A^3 + B^3 = (A + B)(A^2-AB + B^2)

and A^3-B^3 = (A-B)(A^2+ AB + B^2).

Using these two relations as formulas, we may factor any binomial which can be written as the sum or the difference of two cubes.

**Example 1** Factor 8x^3+27y^3.

**Solution:** The given expression may be represented as the sum of two cubes in the following manner:

8x^3+ 27y^3 = (2x)^3 + (3y)^3.

Comparing the new expression with the first formula given above we see that A = 2x and B = 3y. Hence substituting these values into the formula:

(2x)^3 + (3y)^3 = [(2x) + (3y)][(2x)^2 - (2x)(3y) + (3y)^2]

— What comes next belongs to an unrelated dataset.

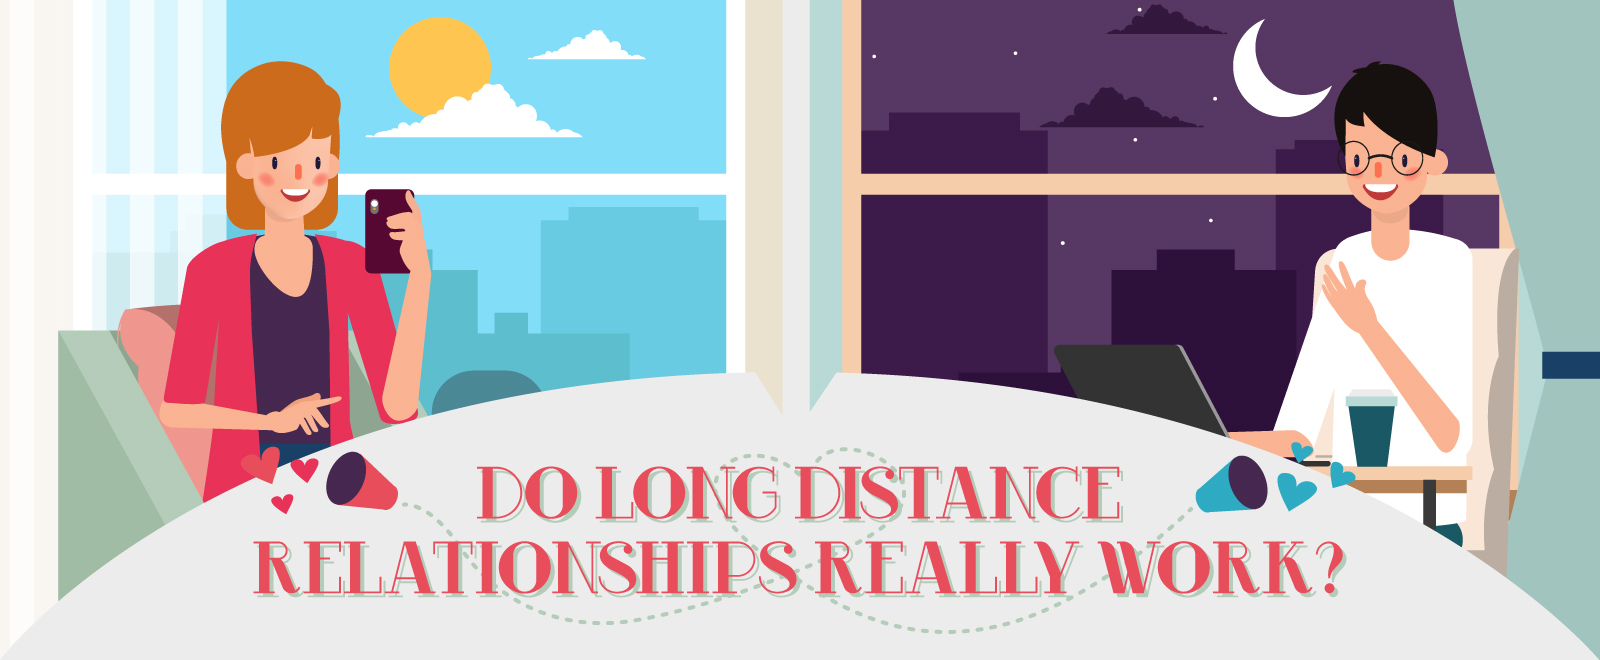 Long Distance Break Up: How to Do It Right When It Has to Be Done

= (2x+ 3y)(4x^2- 6y + 9y^2)

**Example 2** Factor (2a-1)^3- a^3.

**Solution:** Comparing the given expression with the second formula given above, we see that A = 2a- 1 and B = a. Hence, substituting these values into the formula:

(2a-1)^3- a^3=[(2a-1)-a][(2a-1)^2+(2a-1)a+a^2

= (a -1)(7a^2 -5a+1).

### The Factor Theorem

One of the most useful methods of factoring depends on the following theorem.

The Factor Theorem

If any polynomial in x becomes equal to 0 when a is written

for x, then the polynomial is exactly divisible by x — a.

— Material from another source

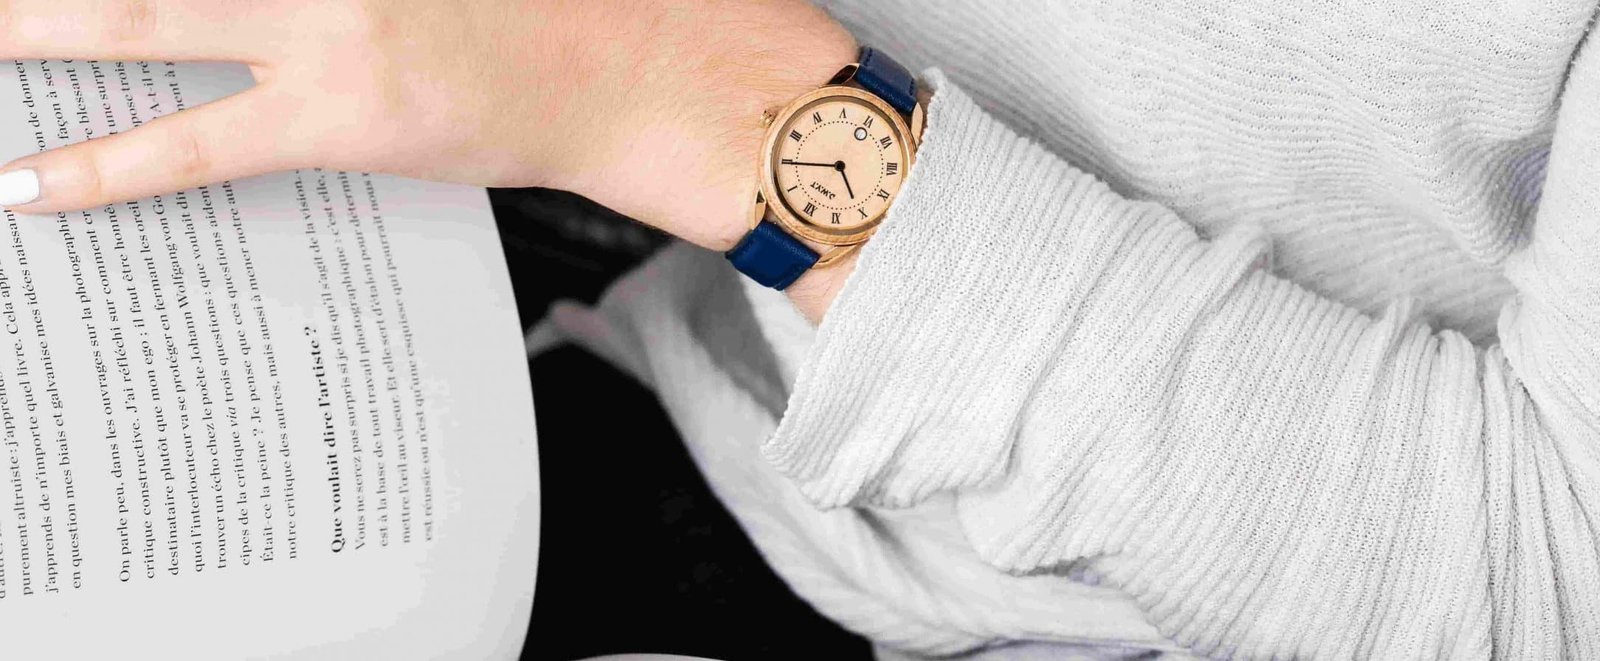 Focus on the Roman numeral women's watch

**Note.** A **polynomial** in x is an expression of the form ax^n +bx^(n-1) + ... px + q, in which the coefficients are constants and n is a positive integer.

**Proof:** Let P stand for the polynomial. Divide P by x- a until the remainder no longer contains x. Let R denote this remainder, and Q the quotient obtained. Then

P/(x-a)=Q+R/(x-a)

or, P= Q(x-a)+R

Since this equation is true for all values of z, we will assume that x equals a. By hypothesis, the substitution of a for x makes P equal to 0: thus

0=Q*0+R.

Hence R= 0.

Since the remainder is zero, the given polynomial is exactly divisible by x-a.

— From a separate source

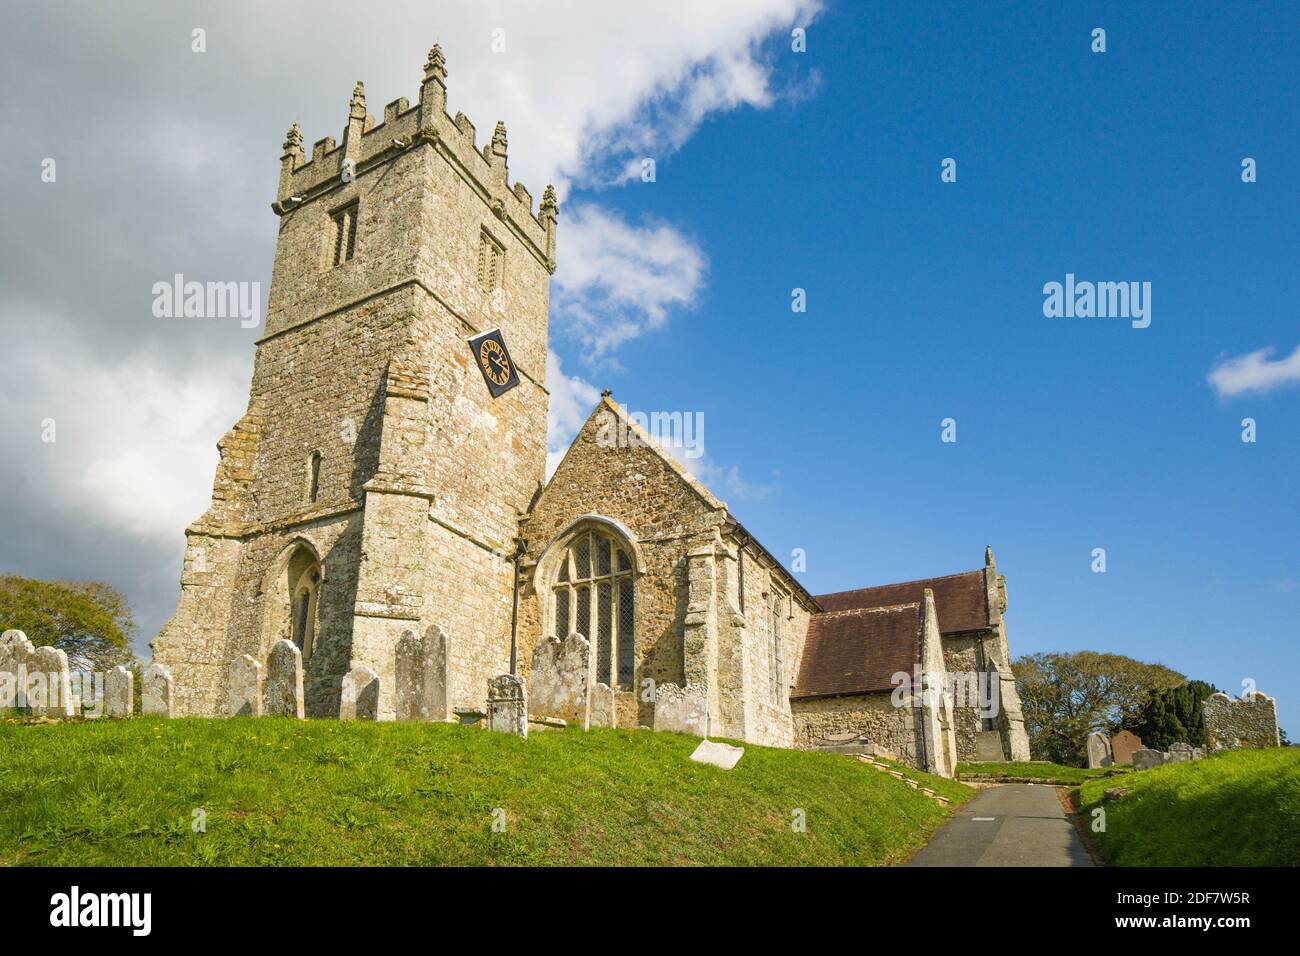 All Saints Church in the picturesque village of Godshill Isle of Wight UK. October 2020. Stock Photo

The following examples illustrate the application of this theorem.

**Example 1** Factor x^3-x-6.

**Solution:** By trial we find that this expression reduces to 0 when 2 is substituted for x. Hence, by the Factor Theorem x-2 is a factor. Dividing the given expression by x-2, we obtain the quotient x^2+2x+3. Thus, in factored form we have

x^3-x-6=(x-2)(x^2+2x+3).

**Note.** In seeking values which will make the given polynomial equal to zero, observe that we test only those numerical values which divide evenly into the constant term of the polynomial. This is true only if the highest power of x in the polynomial has a coefficient equal to +-1 and the other coefficients are integers. We shall restrict ourselves to such polynomials. Thus, in Example 1, we would have tried the values +-1, +-2, +-3, and +-6. If none of these make the polynomial equal to zero, then we may conclude that the polynomial can not be factored by means of the Factor Theorem,

**Example 2** Factor x^4+5x- 6.

**Solution:** The only numbers which divide evenly into the constant term are +-1, +-2, +-3, +-6, and since (+1)^4+5(+1) -6 equals zero we know that x-1 is a factor. Hence, dividing x^4+5x- 6 by x-1,

x^4+5x- 6=(x-1)(x^3+x^2+x+6).

For the new factor, x^3+x^2+x+6, we again seek a zero; and we find that x =-2 makes the expression zero. Thus x - (-2) or x + 2 is a factor, and again by division we find the other factor to be x^2-x+3. Thus far then,

x^4+5x- 6= (x-1)(x+2)(x^2-x+3).

Having reduced the remaining factor to a trinomial, we attempt to factor it as a trinomial, and since it cannot be factored, we conclude that the original expression can be factored no further.